Starting in October 2013, Gordon would pick up the women in his car while Cano hid in the back seat and then overpowered him when they got in. The two took the women behind an Anaheim paint and body shop where Gordon and Cano camped out and raped them, Det. Julissa Trapp told the grand jury.

Cano strangled the women and Gordon punched them in the stomach “to get the air out faster,” she said. At one point, he grew enraged when one of the victims noticed his electronic anklet, she said.

“He ultimately made a statement that once he started, he couldn’t stop,” Trapp said.

The grand jury returned four rape and murder indictments against Gordon and Cano. A fifth victim described by Gordon has never been identified.

The men both pleaded not guilty. Cano’s attorney, Houman Fakhimi, and Gordon’s attorney, Denise Gragg, did not return calls and emails.

Gordon told Trapp that he didn’t want to kill the last woman, 21-year-old Jarrae Nykkole Estepp, because she was beautiful, but when she refused to stay, he decided that she had to die, too.

Estepp’s naked body was found on a conveyor belt at a recycling plant — a discovery that would lead police to link her death to the missing women and ultimately help investigators solve all four cases.

A fingerprint lifted from a caulking tube found in trash near Estepp’s body led investigators to a window installer who worked in the industrial area where authorities say the suspects disposed of their victims in a trash bin.

Detectives then searched a database of sex offenders wearing tracking devices and found that Cano had been at the locations where all four women disappeared at the times they vanished and also near the bin.

They collected Cano’s DNA from a water bottle and discarded gum and honed in on Gordon as a second suspect after a search of Cano’s cellphone records showed he texted with Gordon constantly.

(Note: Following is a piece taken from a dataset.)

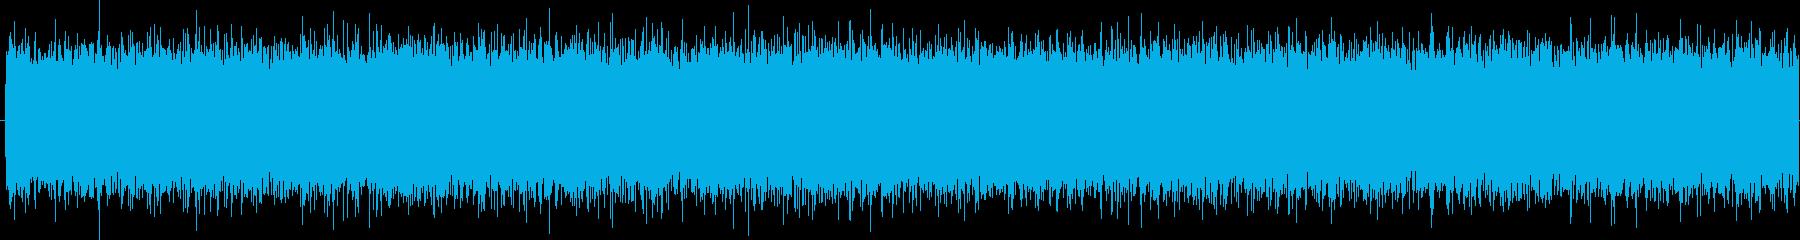 使いやすい 汎用ウォーターフォール...の再生済みの波形

DNA samples from Estepp’s body matched Cano and Gordon’s genetic material.

Police believe Cano and Gordon have known each other since at least 2010, when Cano cut off his GPS device and fled to Alabama, where he was arrested with Gordon.

Two years later, in 2012, they again snipped off their monitoring devices and boarded a Greyhound bus to Las Vegas using fake names before being arrested two weeks later by federal agents.

Cano and Gordon were registered sex offenders after being convicted in separate cases of lewd and lascivious acts with a child under 14. Gordon was convicted in 1992 and also has a 2002 kidnapping conviction, while Cano’s conviction dates back to 2008.

Police searched extensively for the other victims’ bodies at landfills but never found them.